Voices of Youth (VOY) is all about blogging, filming, interviewing, and storytelling. On the VOY website, students will find easy-to-use resources that can help them to sharpen their multimedia skills. These tools are meant for young people who enjoy expressing themselves through media but feel they can still improve their skills. An Instructor’sManual will aid educators and youth-group facilitators in planning and conducting short filmmaking workshops with adolescents and youth using smartphones. Accompanying the manual are four video tutorials entitled Plan It, Film It, Cut It, Share It, along with a participants’workbook. In addition, beginners and advanced blogging guides provide practical advice and tips and tricks about blogging. The blogging guides are available in English, Spanish, French, and Arabic. An accessible version of the beginners guide is also offered, in English only. All of the guides are freely downloadable from the VOY website.

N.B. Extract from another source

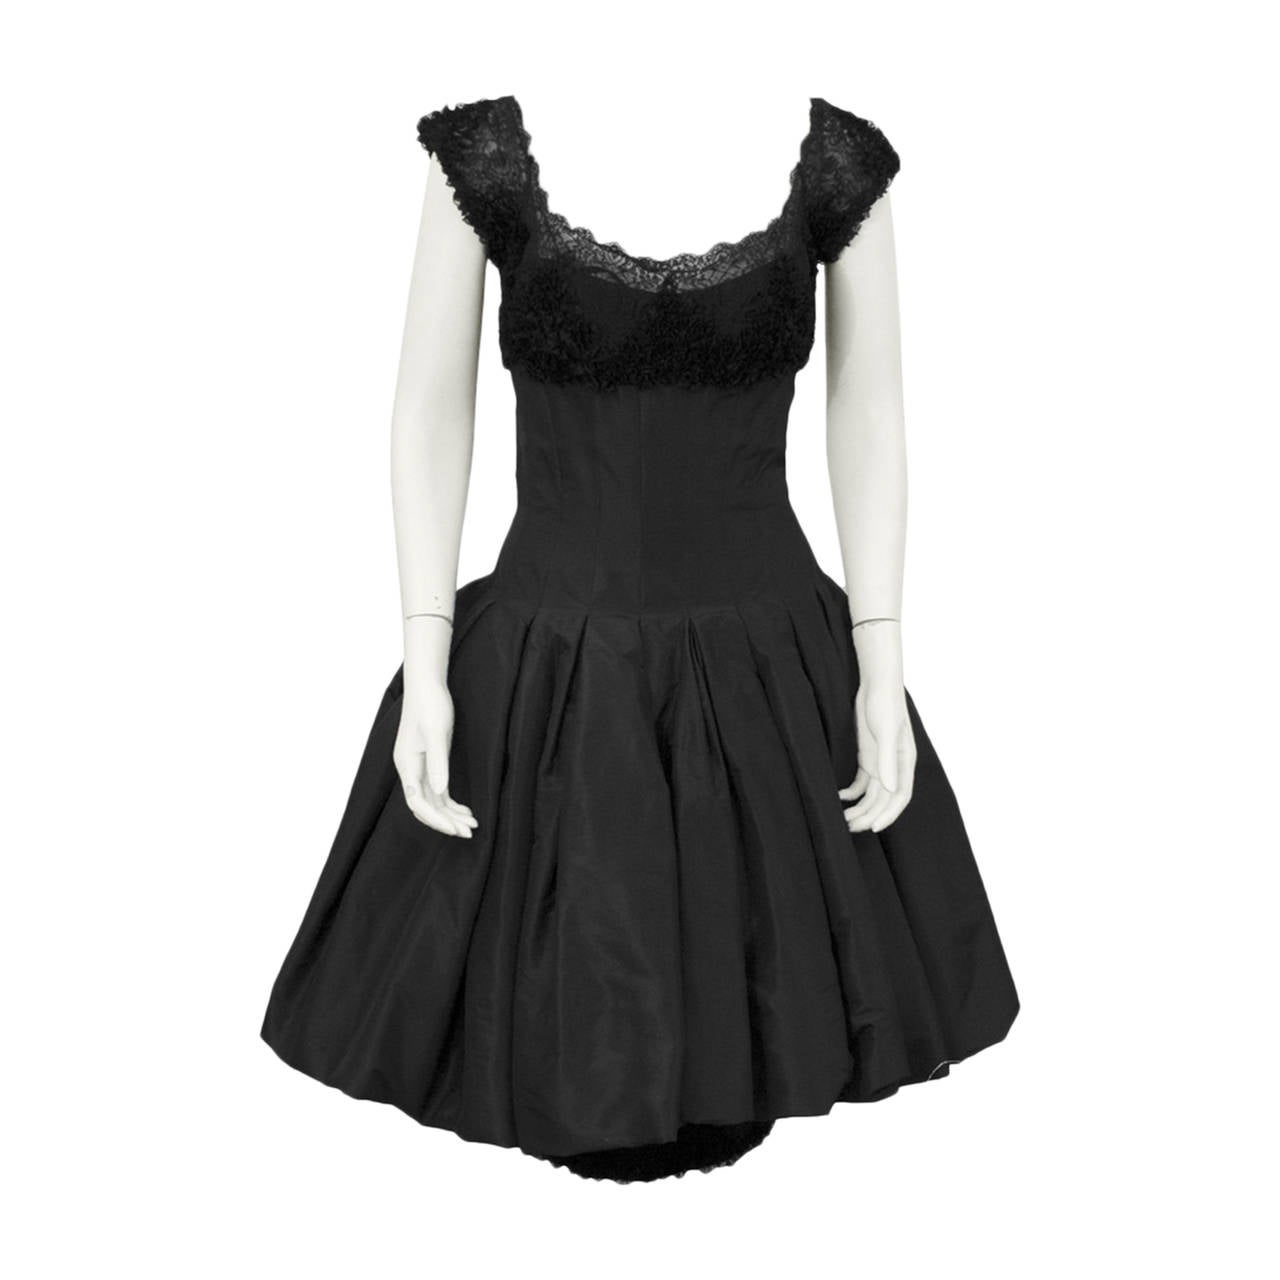 Mignon Black Silk Dress with Lace Bodice Circa 1960's For Sale
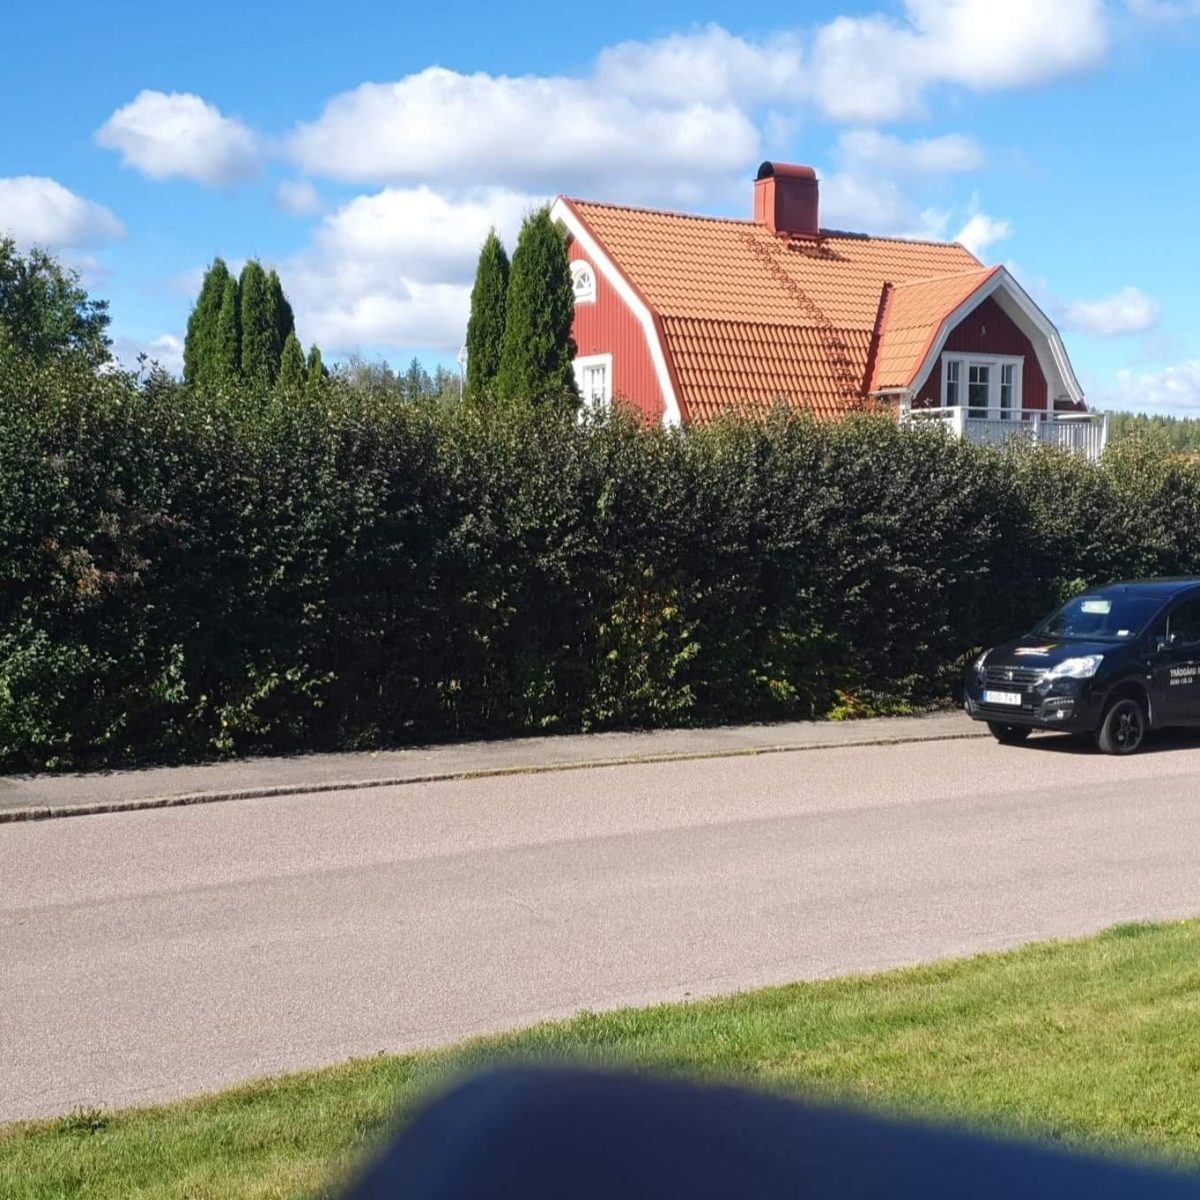 Bilden visar en idyllisk svensk villa med röda tegelväggar och ett mörkt tak, skyddad av en tät häck. Framför huset syns en arbetsbil med släp och en klarblå himmel ovanför, vilket antyder en solig och klar dag.

In this ReadWriteThink lesson, students read or view a literary text, and then identify and discuss examples of propaganda techniques in the text. Students then explore the use of propaganda in popular culture by looking at examples in the media.
PBS affiliate WETA has made available a list of propaganda techniques that make false connections (such as the techniques of “transfer” and “testimonial”), or constitute special appeals (such as “bandwagon” and “fear”), or are types of logical fallacy (for example, “unwarranted extrapolation”).
The Mind Over Media web platform gives students aged 13 and up an opportunity to explore the subject of contemporary propaganda by hosting thousands of examples of 21st-century propaganda from around the world.